Antara tahun 2008 sampai 2010, saya mengelola rubrik “Arsitekturia” di Surabaya Post, yang harus menghasilkan beberapa tulisan tiap minggu, itu melatih produktivitas saya dalam menulis.
Andy: Saya memulai karir menjadi arsitek setelah lulus dari program sarjana Arsitektur ITS tahun 2004, dan pada 2006 mendirikan biro arsitek bernama ”Andy Rahman Architect”. Lalu, di tahun 2014 saya baru menemukan arah arsitektur saya, yakni kembali ke Arsitektur Nusantara. Meskipun bukan penulis, saya juga terjun ke dunia literasi, telah belajar menerbitkan buku sejak tahun 2012 dengan mas Anas Hidayat, dan mengetahui seluk-beluk serta strategi dalam penerbitan sampai ke pemasarannya.

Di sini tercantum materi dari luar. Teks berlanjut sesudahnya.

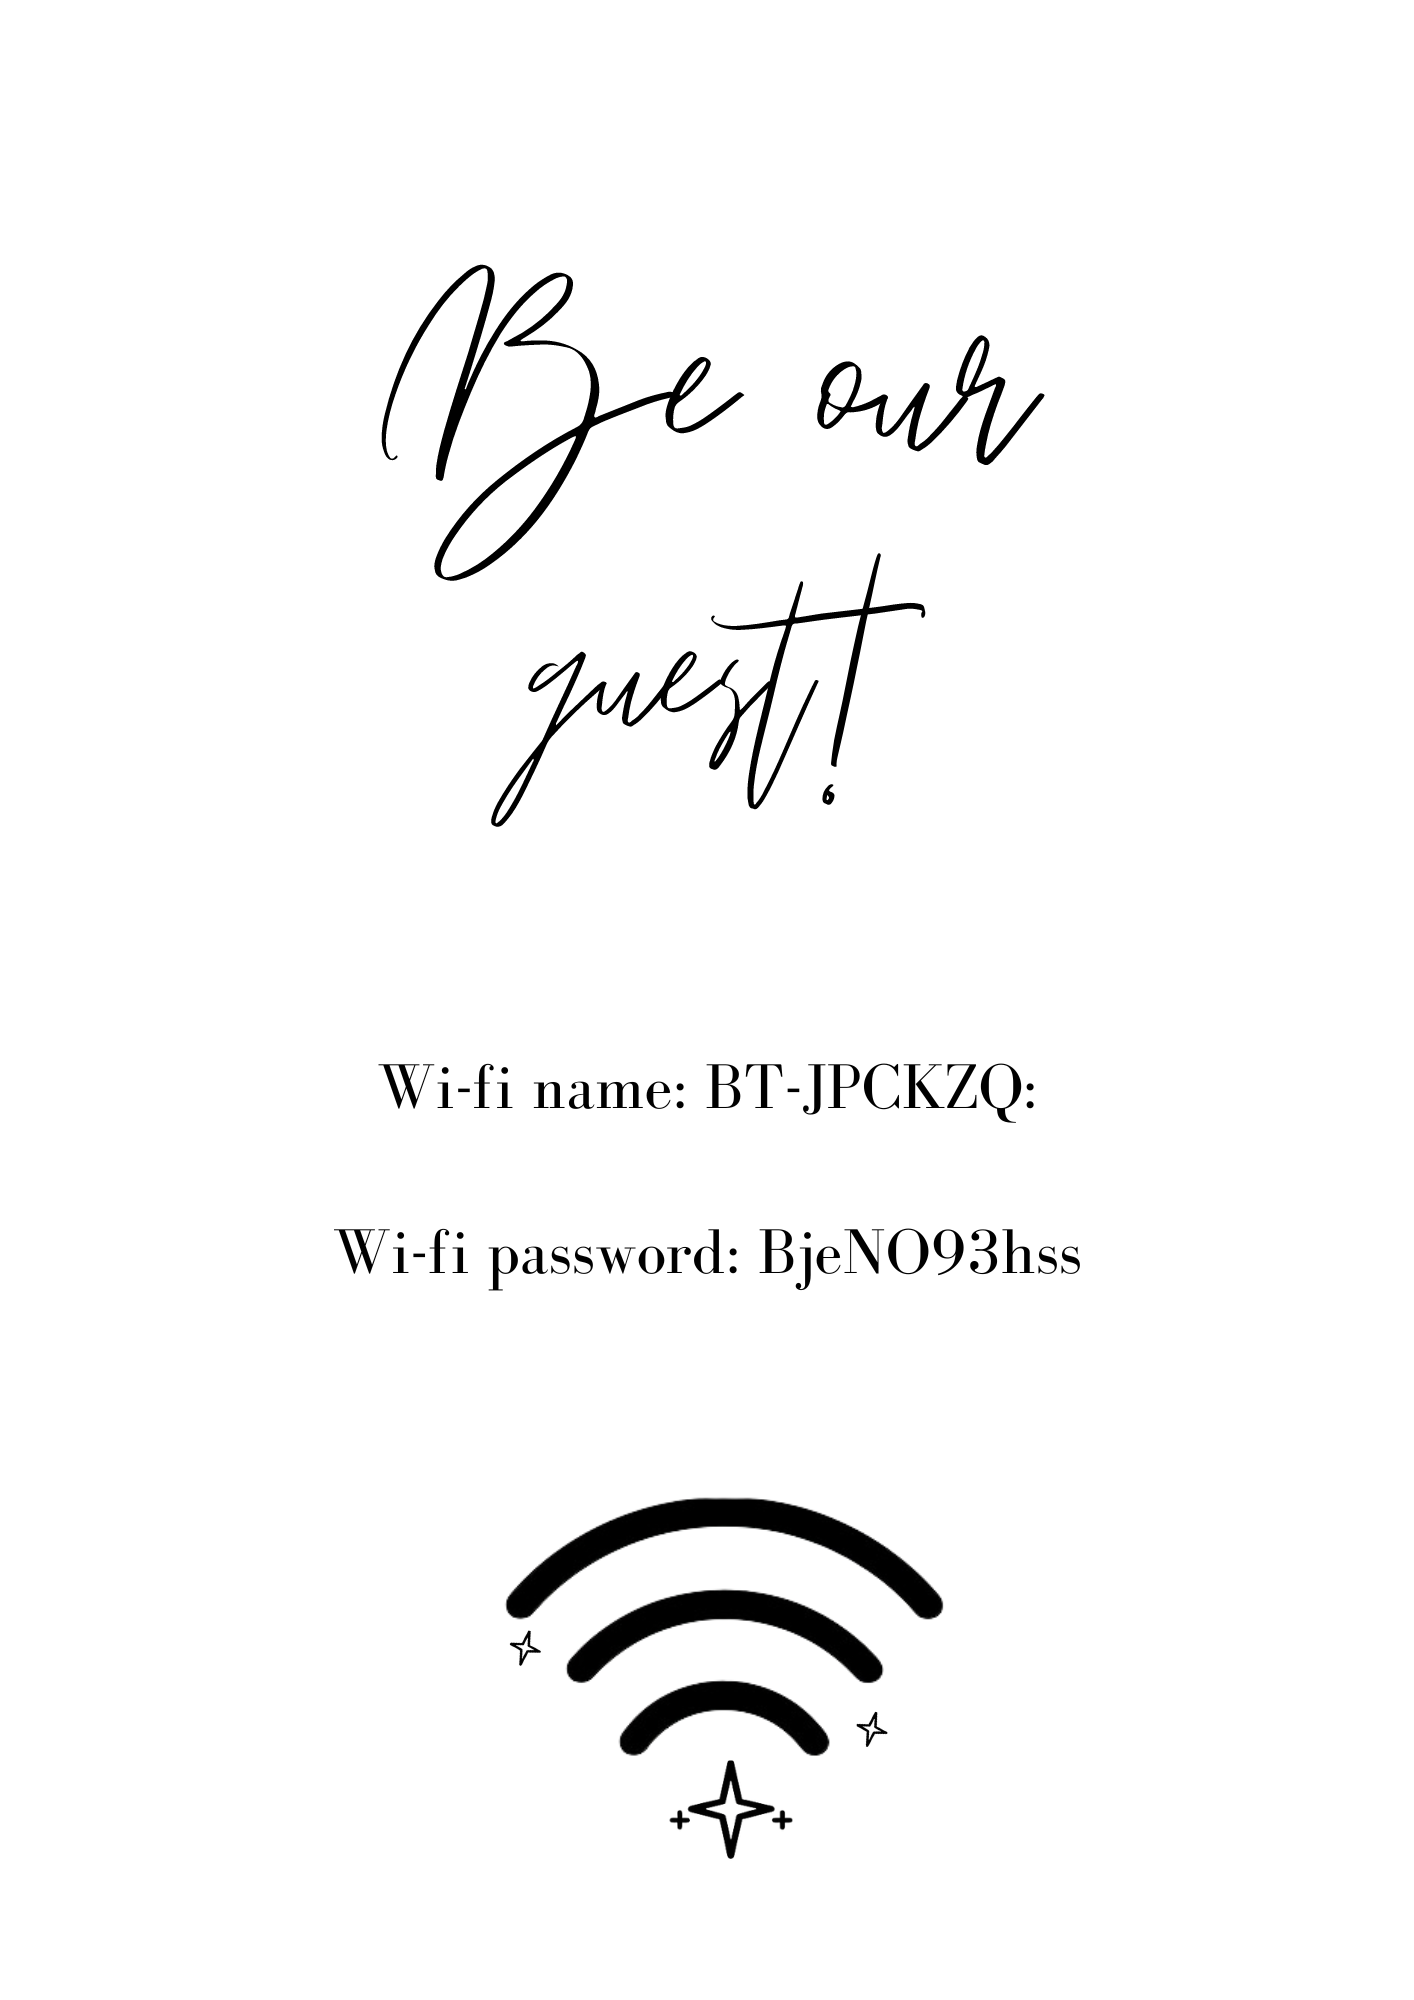 Customisable wifi password print

Buku Ngekos ini buku ke berapa? Sebutkan pula buku-buku karya kalian sebelumnya.
Anas: Ngekos buku saya yang ke-14. Buku-buku saya sebelumnya, baik yang saya tulis sendiri maupun kolaborasi antara lain: Arsitektur adalah Kegelisahan, Arsitektur Koprol, CSA, [+1] Karya Arsitek IAI Jatim, 15 Cerita Arsitek Muda, The Guild, Dancer House, Tan Tjiang Ay Begawan Ciptaning, Gunawan Tjahjono Maharsi Bisma, Tectogram, Methodgram, Wastumiruda Arsitektur Koprol dan Natabata. Yang terbanyak hasil kolaborasi dengan Realrich Sjarief, arsitek dari OMAH Library, Jakarta,
Andy: Ini buku saya yang kelima dalam berkolaborasi dengan Mas Anas. Sebelumnya kami sudah bekerjasama dalam penerbitan tiga buku CSA, +1 dan 15 Cerita Arsitek Muda yang digarap dengan beberapa orang yang lain. Kemudian yang benar-benar kolaborasi kami berdua adalah buku “Natabata” yang terbit tahun 2019. Jadi, buku “ngekos” ini buku kedua kolaborasi murni saya berdua dengan Mas Anas Hidayat.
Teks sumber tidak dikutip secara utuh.